President Barack Obama’s Election Night Speech:

I know that political campaigns can sometimes seem small, even silly. And that provides plenty of fodder for the cynics who tell us that politics is nothing more than a contest of egos or the domain of special interests. But if you ever get the chance to talk to folks who turned out at our rallies and crowded along a rope line in a high school gym or — or saw folks working late at a campaign office in some tiny county far away from home, you’ll discover something else.

(Photo by Chip Somodevilla, Getty Images)

You’ll hear the determination in the voice of a young field organizer who’s working his way through college and wants to make sure every child has that same opportunity. You’ll hear the pride in the voice of a volunteer who’s going door to door because her brother was finally hired when the local auto plant added another shift.

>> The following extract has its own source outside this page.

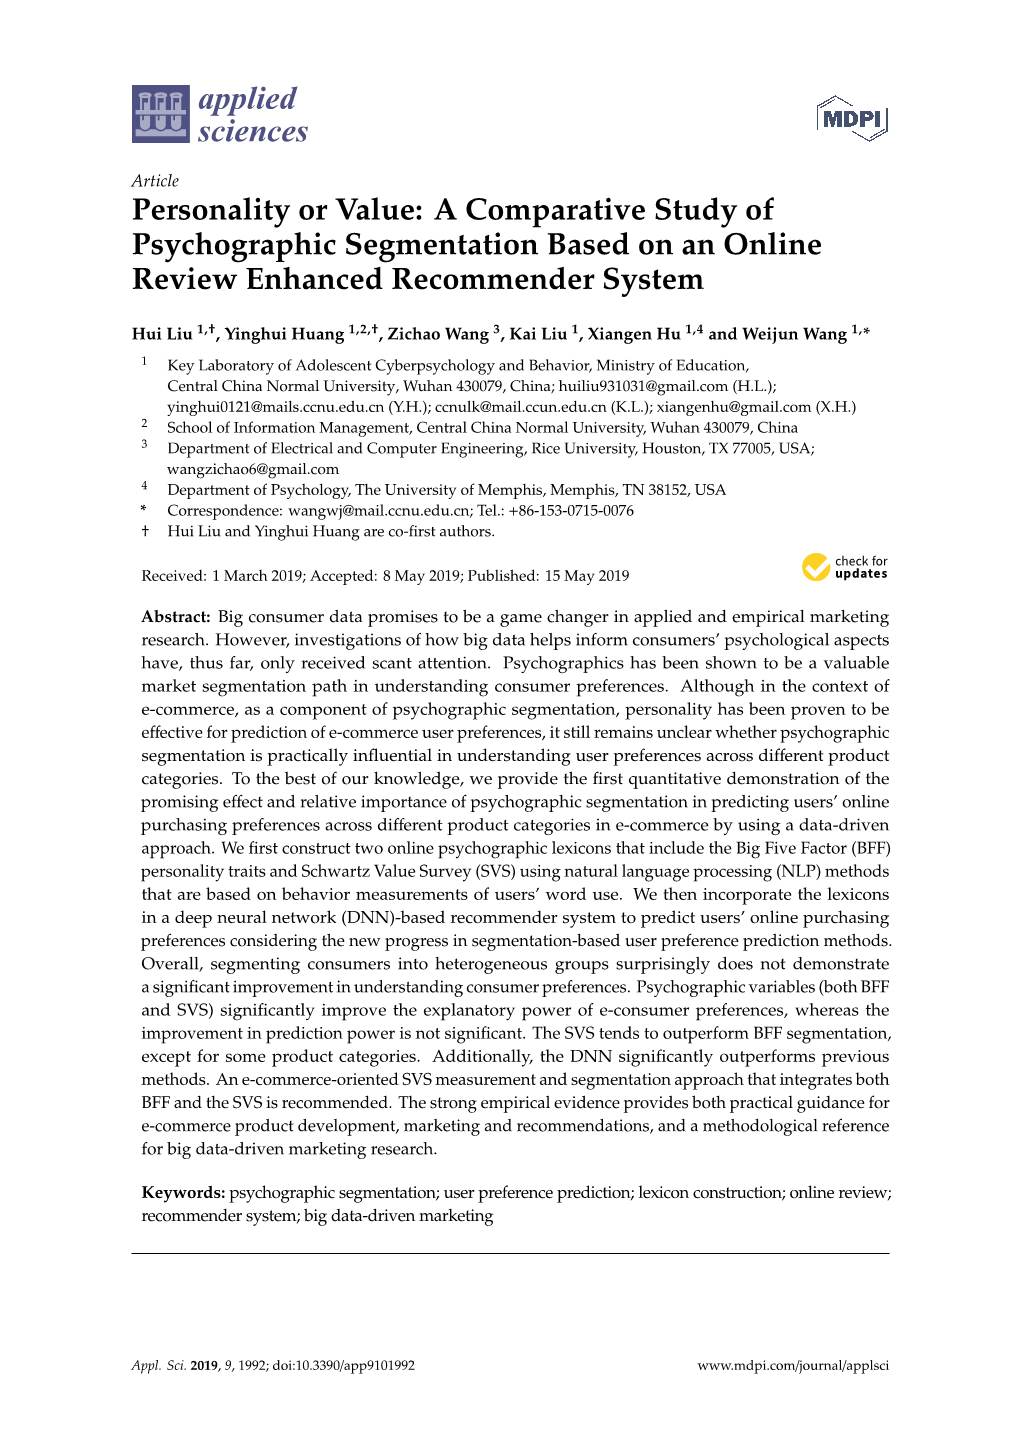 Personality Or Value: a Comparative Study of Psychographic Segmentation Based on an Online Review Enhanced Recommender System

You’ll hear the deep patriotism in the voice of a military spouse who’s working the phones late at night to make sure that no one who fights for this country ever has to fight for a job or a roof over their head when they come home.

That’s why we do this. That’s what politics can be. That’s why elections matter. It’s not small, it’s big. It’s important. Democracy in a nation of 300 million can be noisy and messy and complicated. We have our own opinions. Each of us has deeply held beliefs. And when we go through tough times, when we make big decisions as a country, it necessarily stirs passions, stirs up controversy. That won’t change after tonight. And it shouldn’t. These arguments we have are a mark of our liberty, and we can never forget that as we speak, people in distant nations are risking their lives right now just for a chance to argue about the issues that matter — the chance to cast their ballots like we did today.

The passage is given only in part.